With the boom in demand for VQA wines and craft beer, along with the recent emergence of craft cider and even local spirit distillers, it has become easier to integrate local offerings into a beverage program as well. For instance, the Drake Devonshire’s house wine, “Vintner’s Daughter,” is commissioned from nearby winery Rosehall Run, and a changing selection of local beers is always on tap.

Fairmont Pacific Rim
Botanist, the new restaurant at Vancouver’s Fairmont Pacific Rim, is “ingredient-oriented and seasonally driven,” says executive chef Hector Laguna. “Everything varies, depending on the season we are in. We like to work with sustainability — not to say that that’s all we do; however, everything we’ve done since we’ve opened in April has used only sustainable ingredients.”

Some of Laguna’s menu favourites include spot prawns in season as well as B.C. sablefish, salmon, sturgeon and trout. Then there are stone fruit from the Okanagan and duck from the Fraser Valley. “The flavours are different when you cook with fresh ingredients than when you bring them from halfway around the world,” Laguna explains.

Botanist has also developed an extremely elaborate cocktail program. Apart from an array of house cocktails using unique botanicals such as the Electric Daisy, there’s a Cocktail Lab as an extension of the bar — “kind of like a bartender’s studio,” says the hotel’s Creative Beverage director Grant Sceney. Only three drinks are concocted in the Lab, which is glassed-off, so patrons can watch mixologists at work.

Deep Cove ($28), named for a popular bay outside Vancouver, is served in a custom punchbowl and includes local Sheringham gin, blue algae, sea buckthorn and crushed ice with ribbons of cucumber that resemble seaweed. The earth element is represented by Candy Cap Magic ($28), based on locally foraged mushrooms. “They can’t be cultivated,” Sceney says.
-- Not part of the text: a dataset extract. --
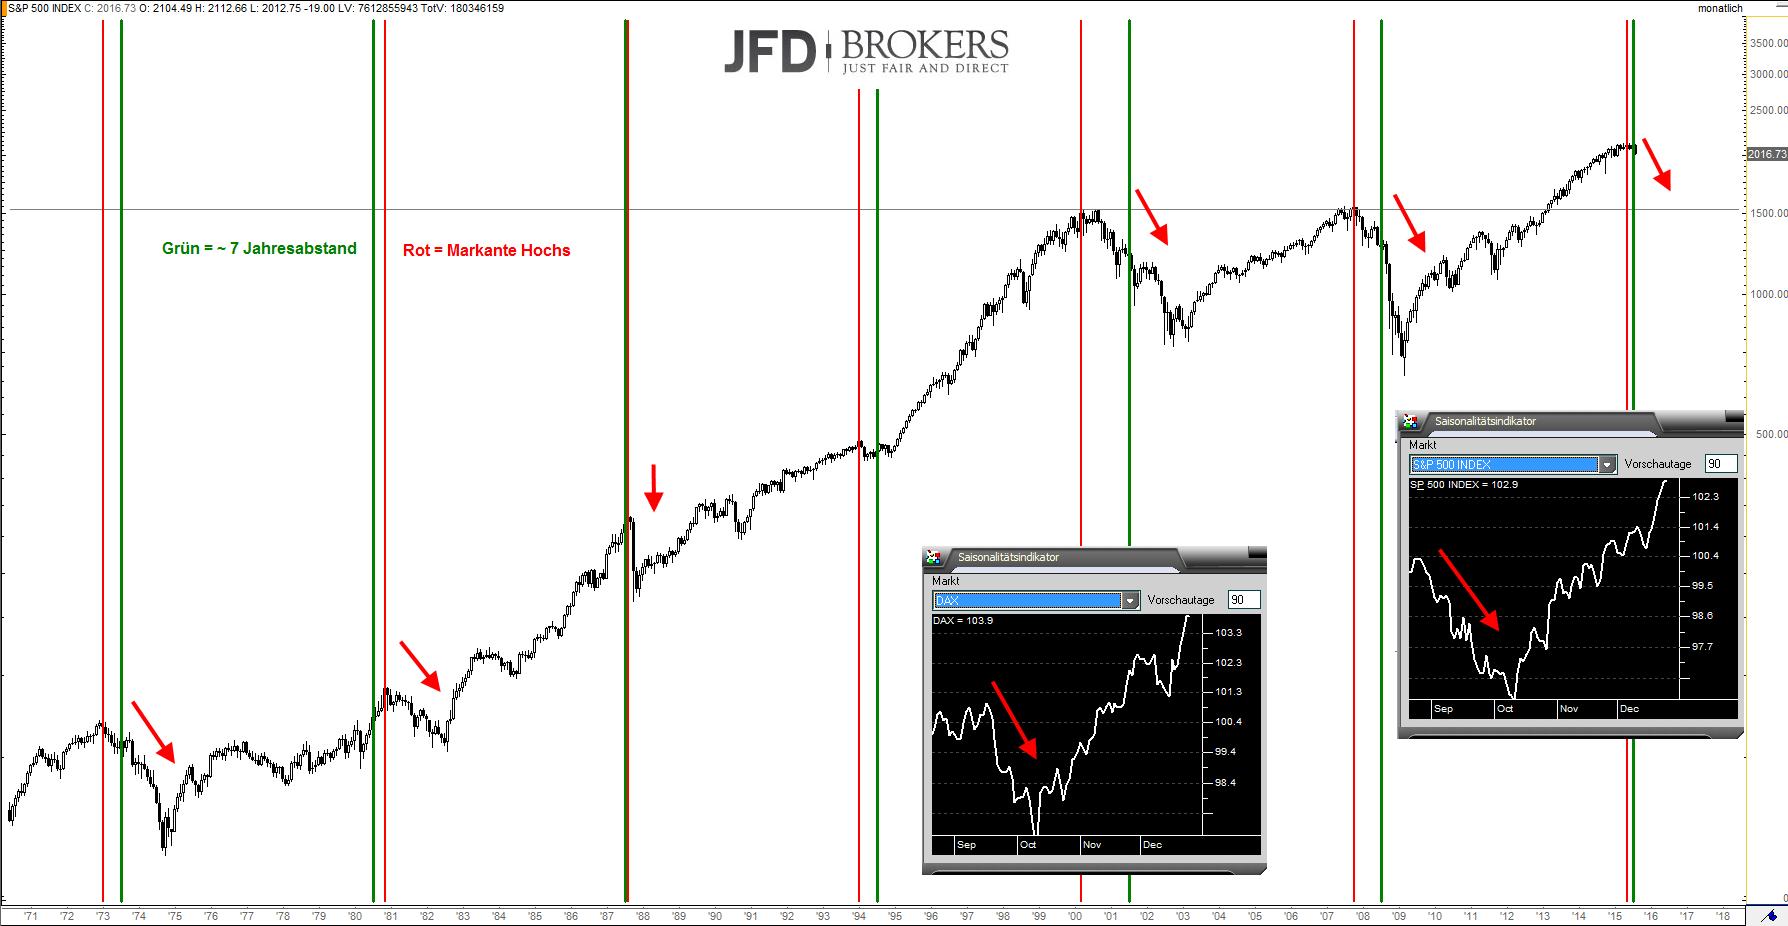 DAX-Kommt-es-so-wenn-es-alle-sehen-S-P-500-beachten-Kommentar-JFD-Brokers-GodmodeTrader.de-3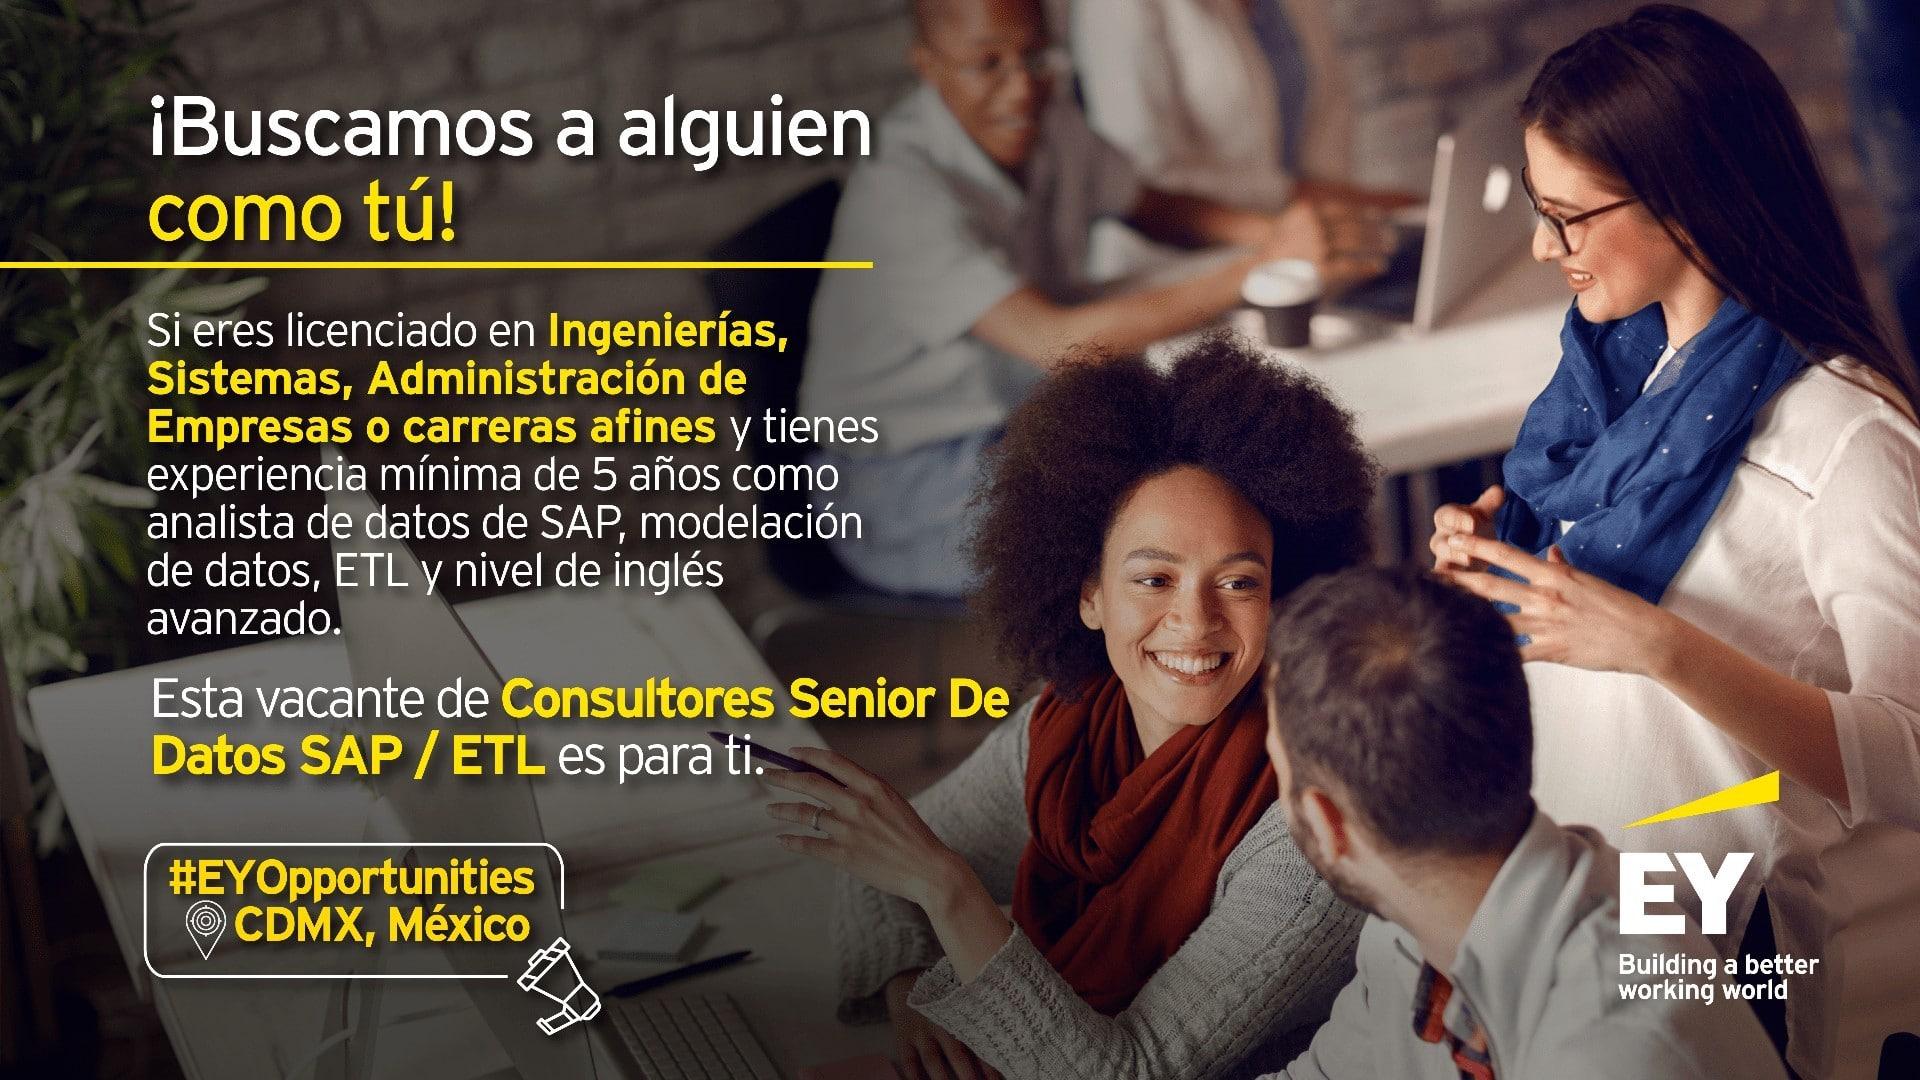 Consultor Senior de Datos SAP / ETL

Pretty Bird (the air element, $28) is served in a bird-shaped glass, complete with nest, and combines gin with centrifuged strawberry juice, a dill-seed tincture and a splash of Blue Mountain Gold Label Brut from the Okanagan.

“Tapping into local feeling is unique,” says Sceney. “Most people, when they’re travelling, are looking for a local experience.” You might say they’re literally hungry for a taste of their destination.

Hotel Arts
Hotel Arts, which runs two onsite restaurants (Yellow Door Bistro and Raw Bar) and a banquet operation, is a boutique property in downtown Calgary that showcases the city’s new urban flair. “We’ve got a partnership with Alberta Food Tours: Karen Anderson runs a series of walking tours with a culinary focus,” says Fraser Abbott, the hotel’s director of Business Development. “It’s a great vehicle for us to introduce our hotel clients to what the local scene is all about.” Hotel Arts is also a transportation hub for tours to Eau Claire Distillery — located about 40 minutes out of town — and features the distillery’s gin in its beverage program.
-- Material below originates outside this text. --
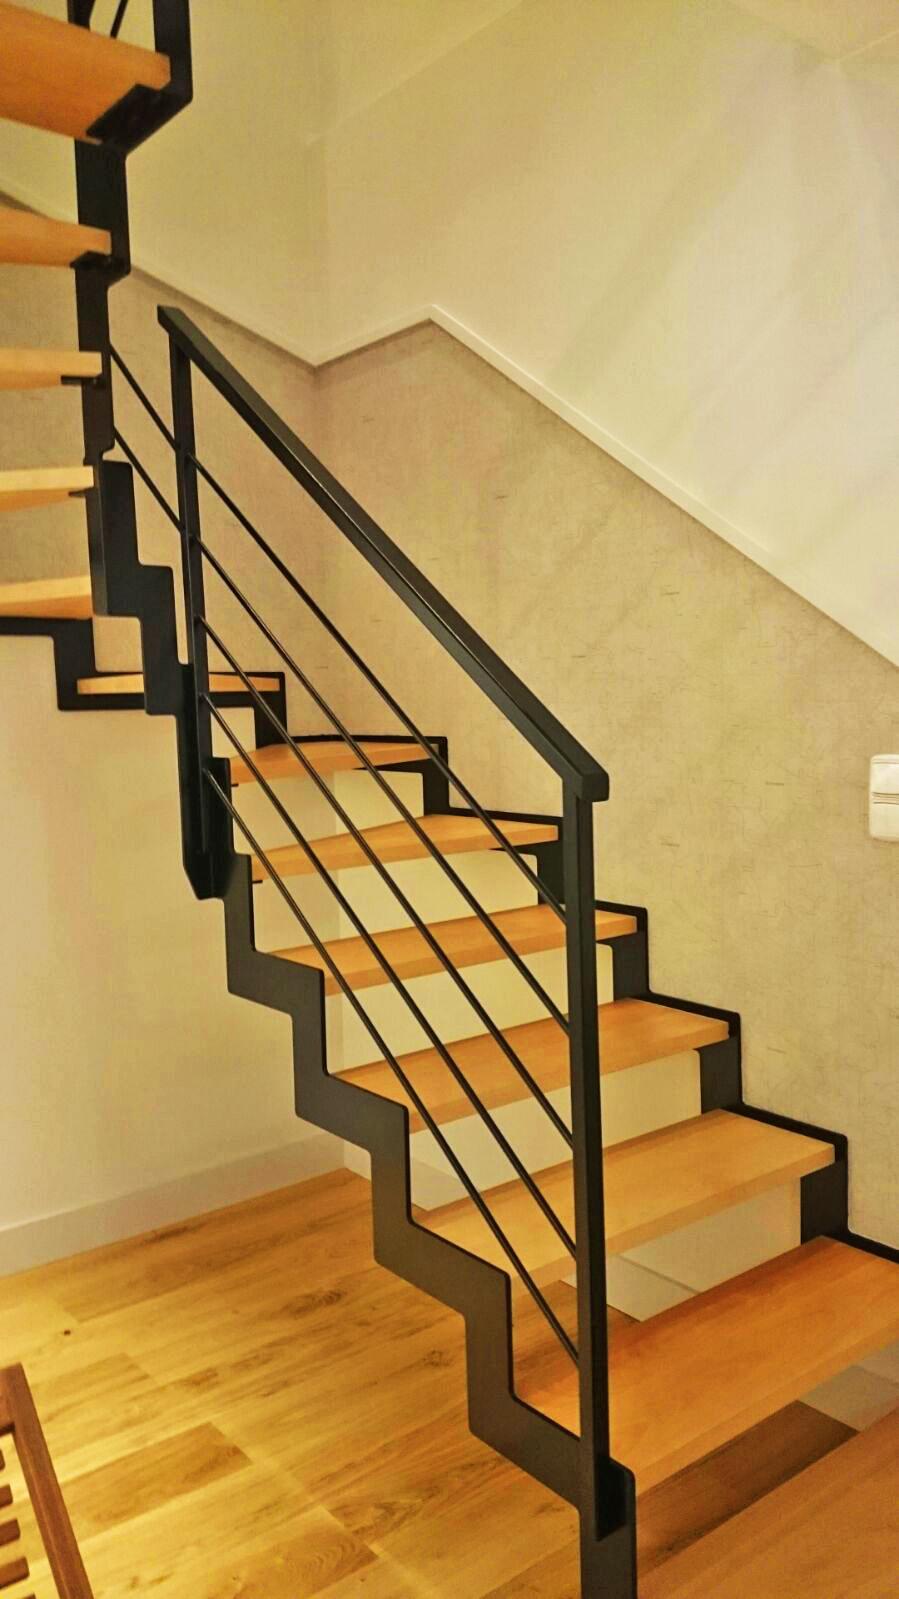 Escalera compensada en donostia san sebasti n con for Escaleras de interior precios

“Our chefs’-choice tasting menus are always changing,” says Abbott. Local and regional suppliers’ products are showcased whenever possible, like root vegetables from Poplar Bluff Farms, as well as beef, lamb and duck from local producers. The hotel also highlights Food Day Canada, the annual celebration of our national cuisine (which will fall on August 4 in 2018). The hotel’s Yellow Door Bistro develops a special menu to run for that week. “We want to make sure we’re showcasing our taste-of-place experiences,” Abbott says.

Hotel Arts offers craft beers and B.C. wines for its bar specials and participates in events that spotlight the region’s offerings. “We host the Pig and Pinot festival; 10 or 12 different restaurants come in to do a pork dish paired up with wines. We generally use pork sourced from people who are producing unusual pork breeds,” says Abbott. “We’ll do the same thing next year with beef and barley — the barley [represents] not just risotto, but craft beer.”